_WHAT THE TASK ASKS_
Write out every line of the material as it stands, apart from the pictures.

_EXERCISE DATA_
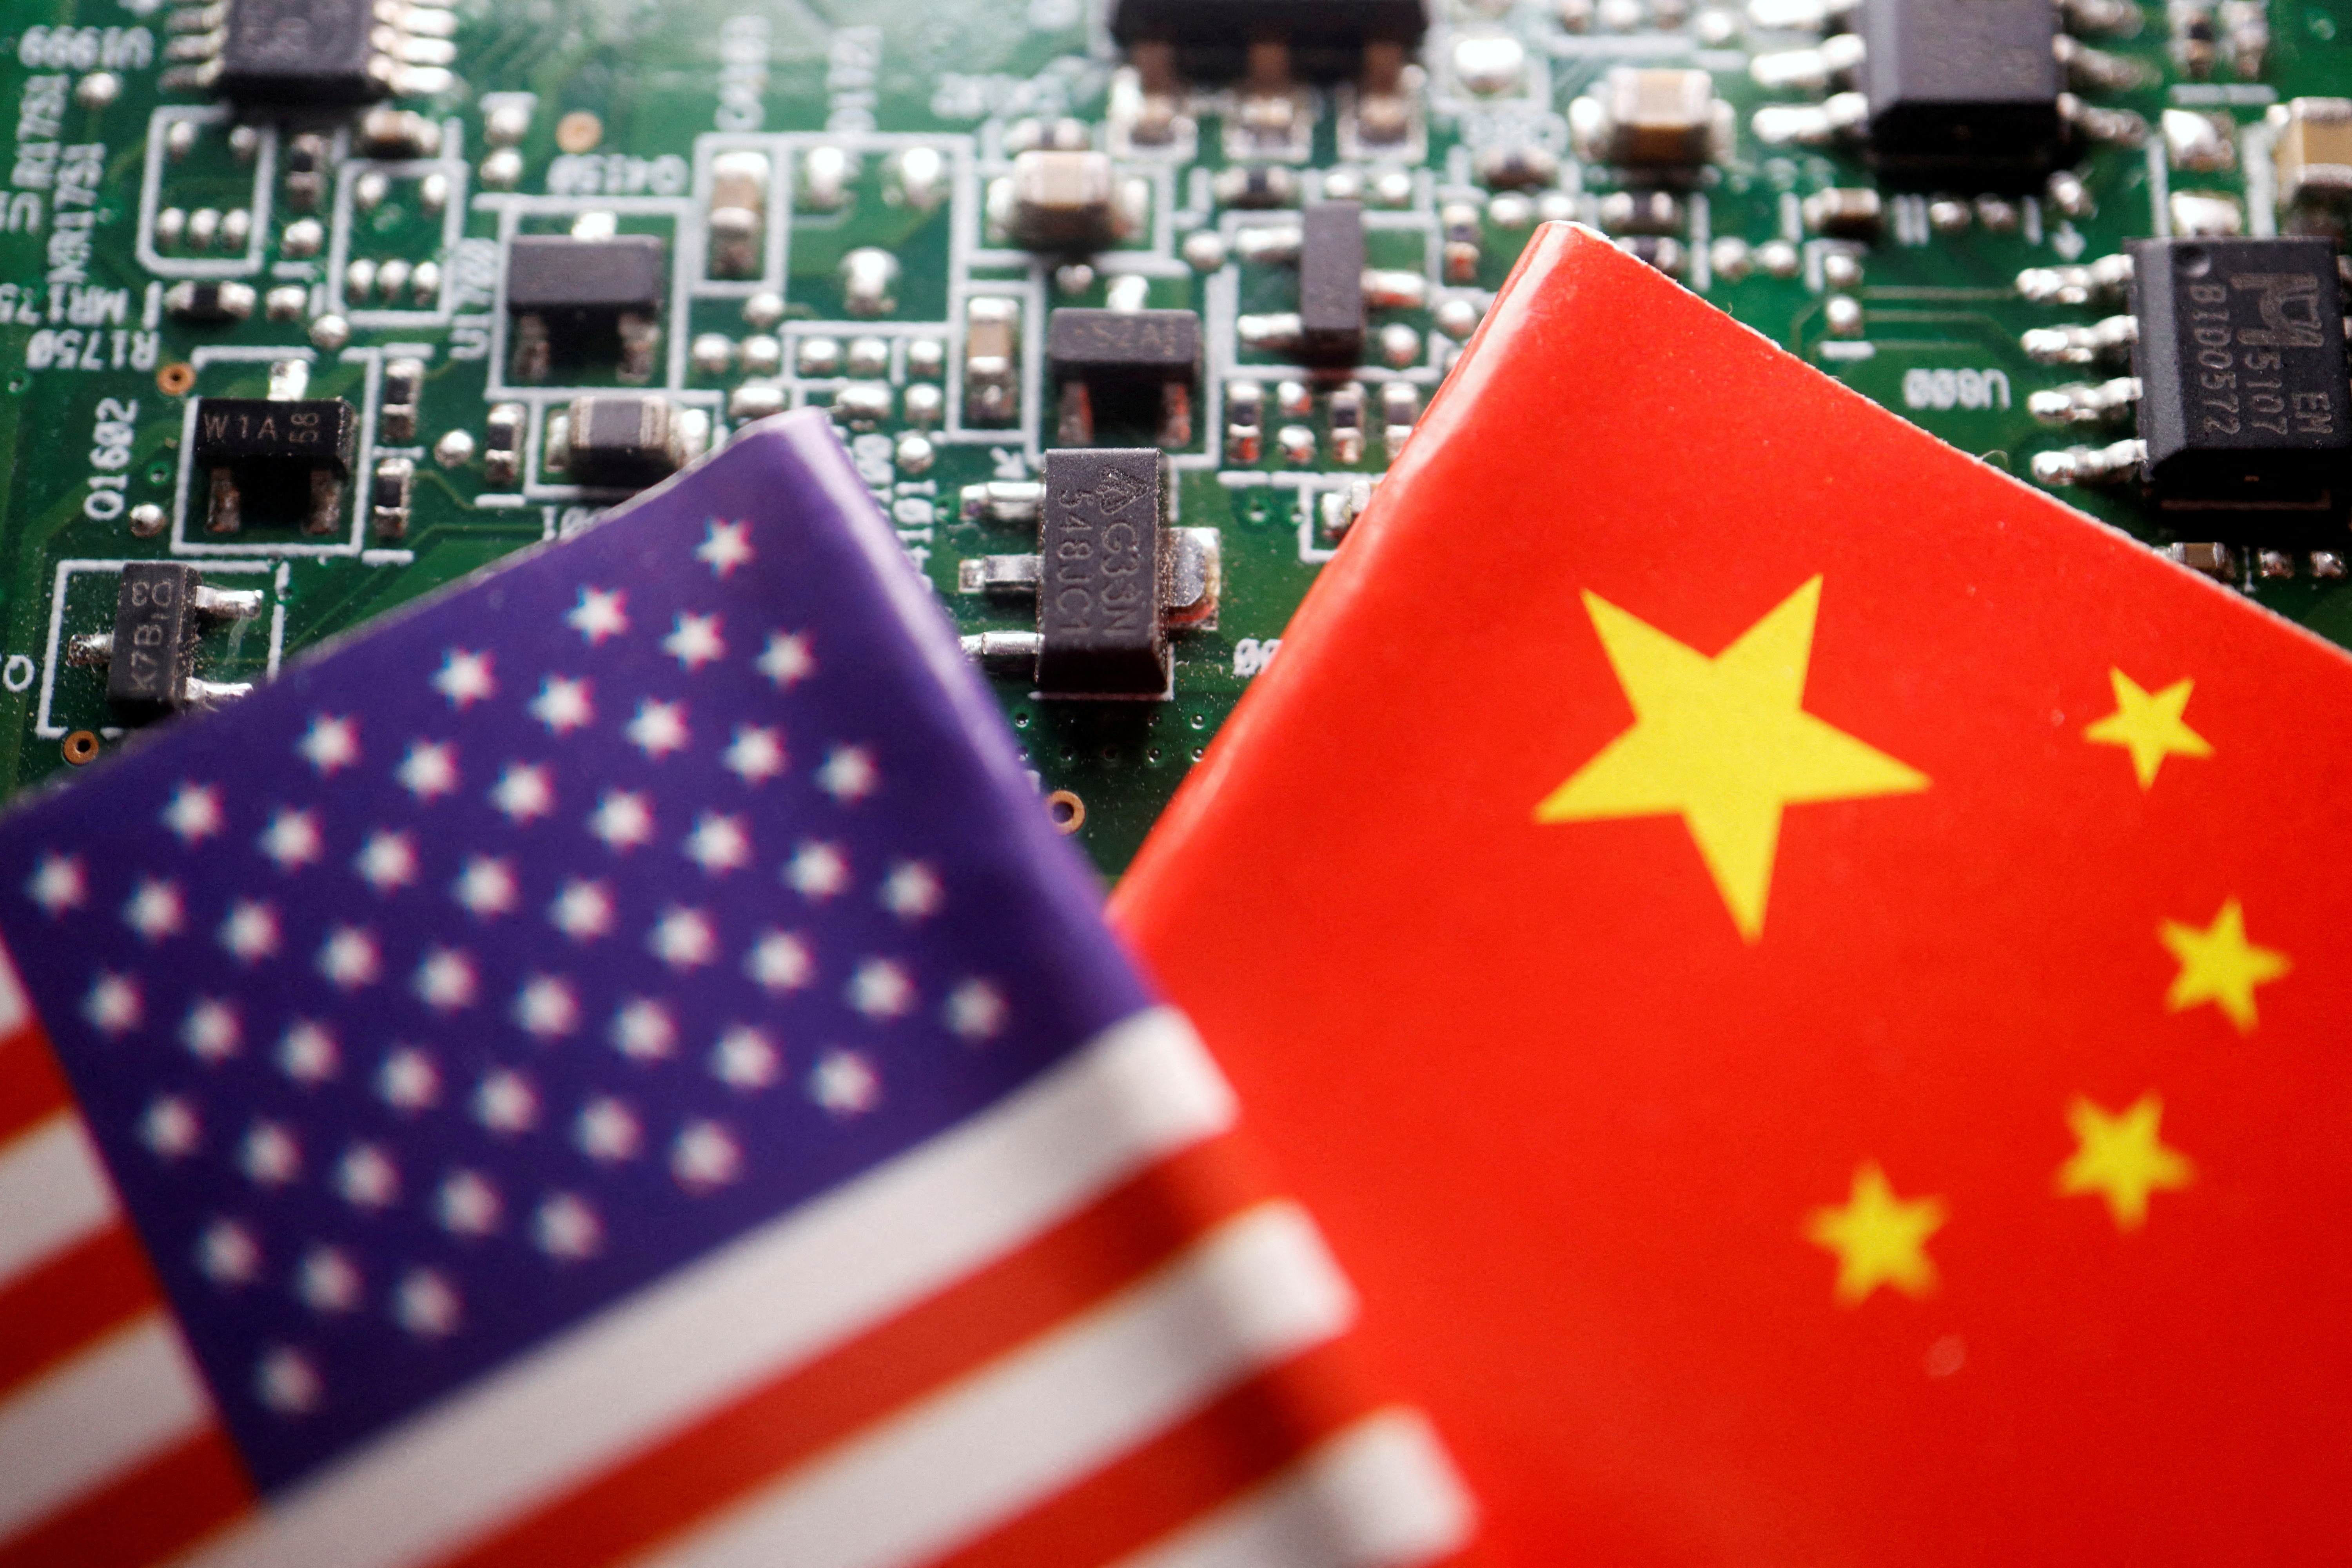 Hình ảnh minh họa cờ Trung Quốc và Mỹ kèm chip bán dẫn| Tân Thế Kỷ| TTK NEWS
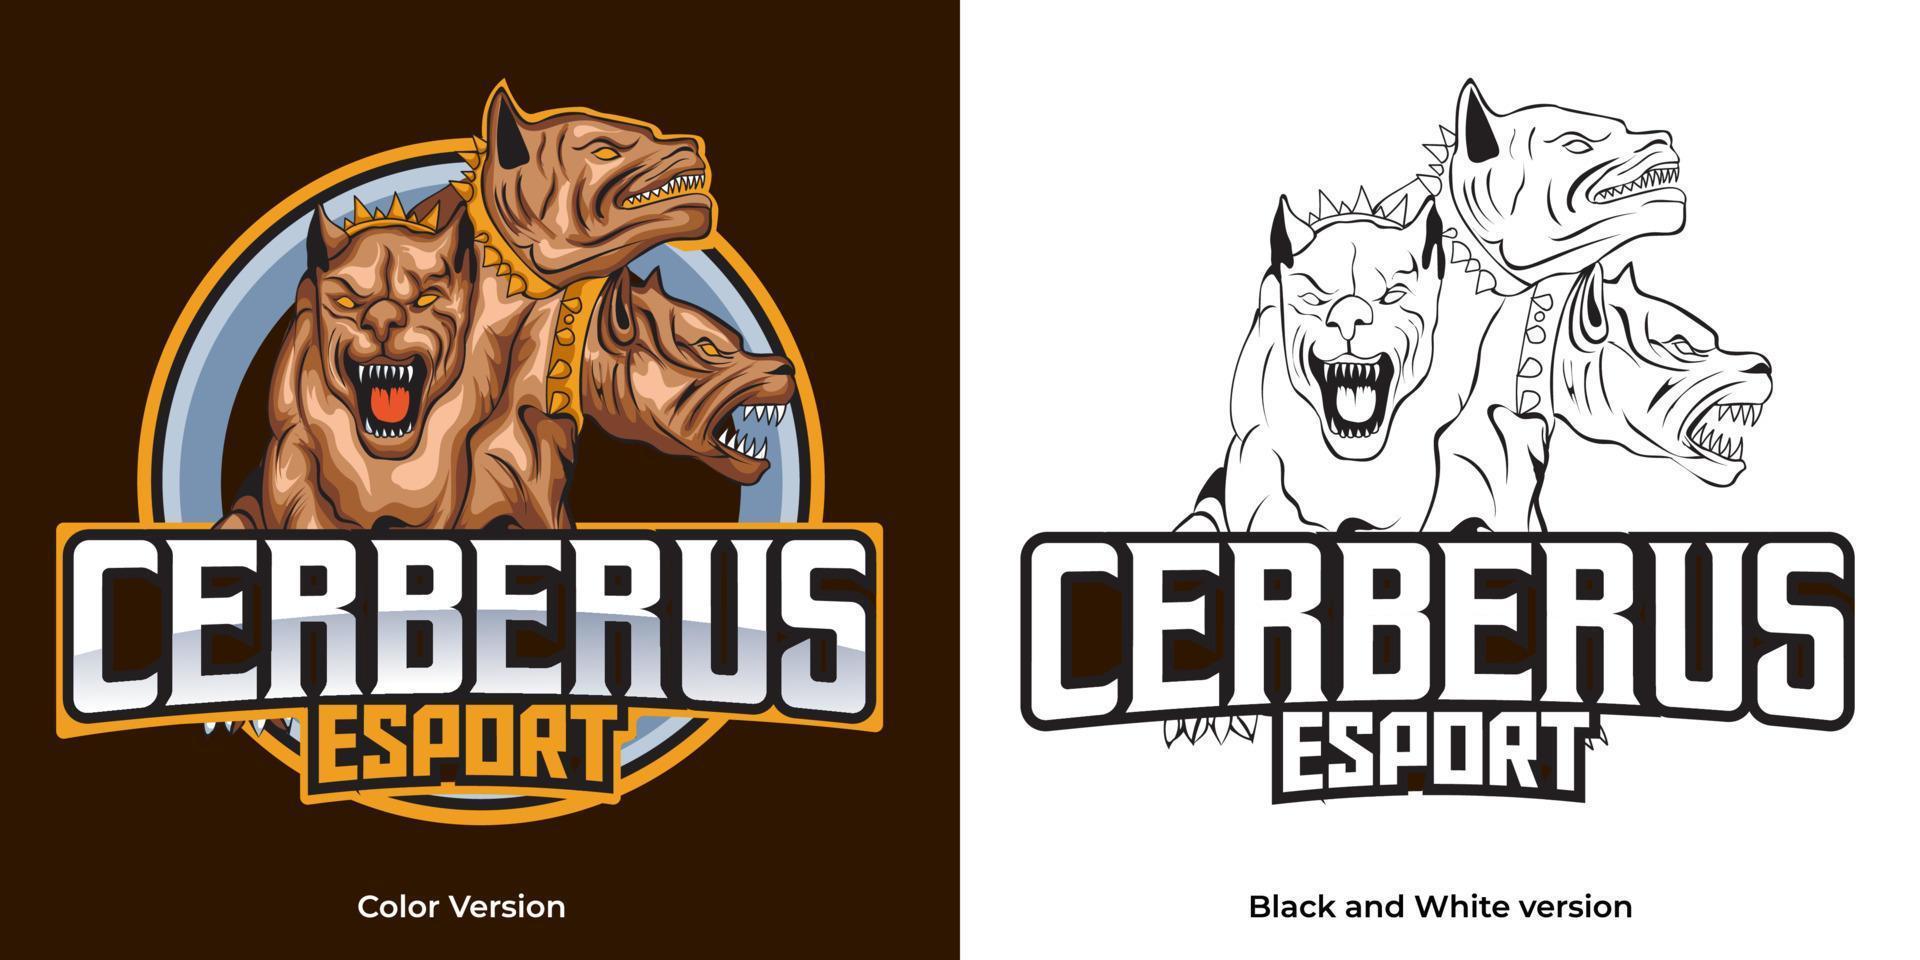 création de mascotte de logo esport cerberus vecteur
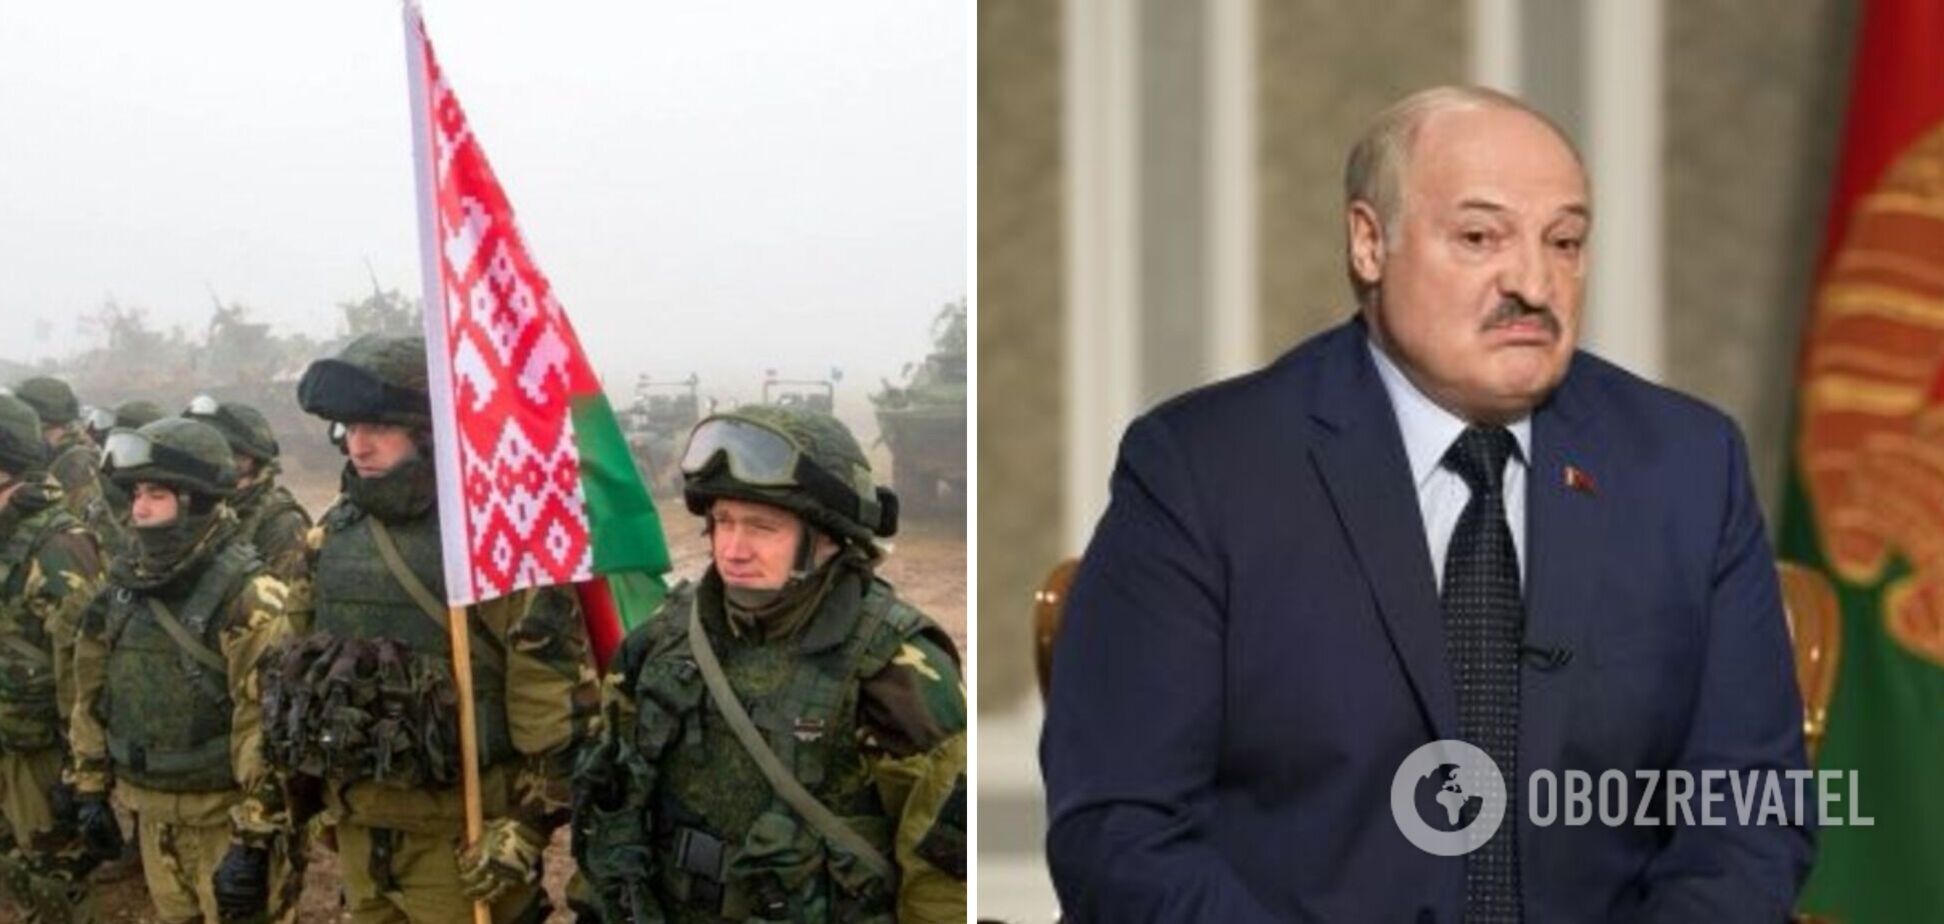 Лукашенко запутанно 'объяснил', будет ли устраивать мобилизацию вслед за РФ, и вспомнил о террористических угрозах

_OUTPUT OF THE TASK_
 Hình ảnh minh họa cờ Trung Quốc và Mỹ kèm chip bán dẫn| Tân Thế Kỷ| TTK NEWS
 création de mascotte de logo esport cerberus vecteur
 Лукашенко запутанно 'объяснил', будет ли устраивать мобилизацию вслед за РФ, и вспомнил о террористических угрозах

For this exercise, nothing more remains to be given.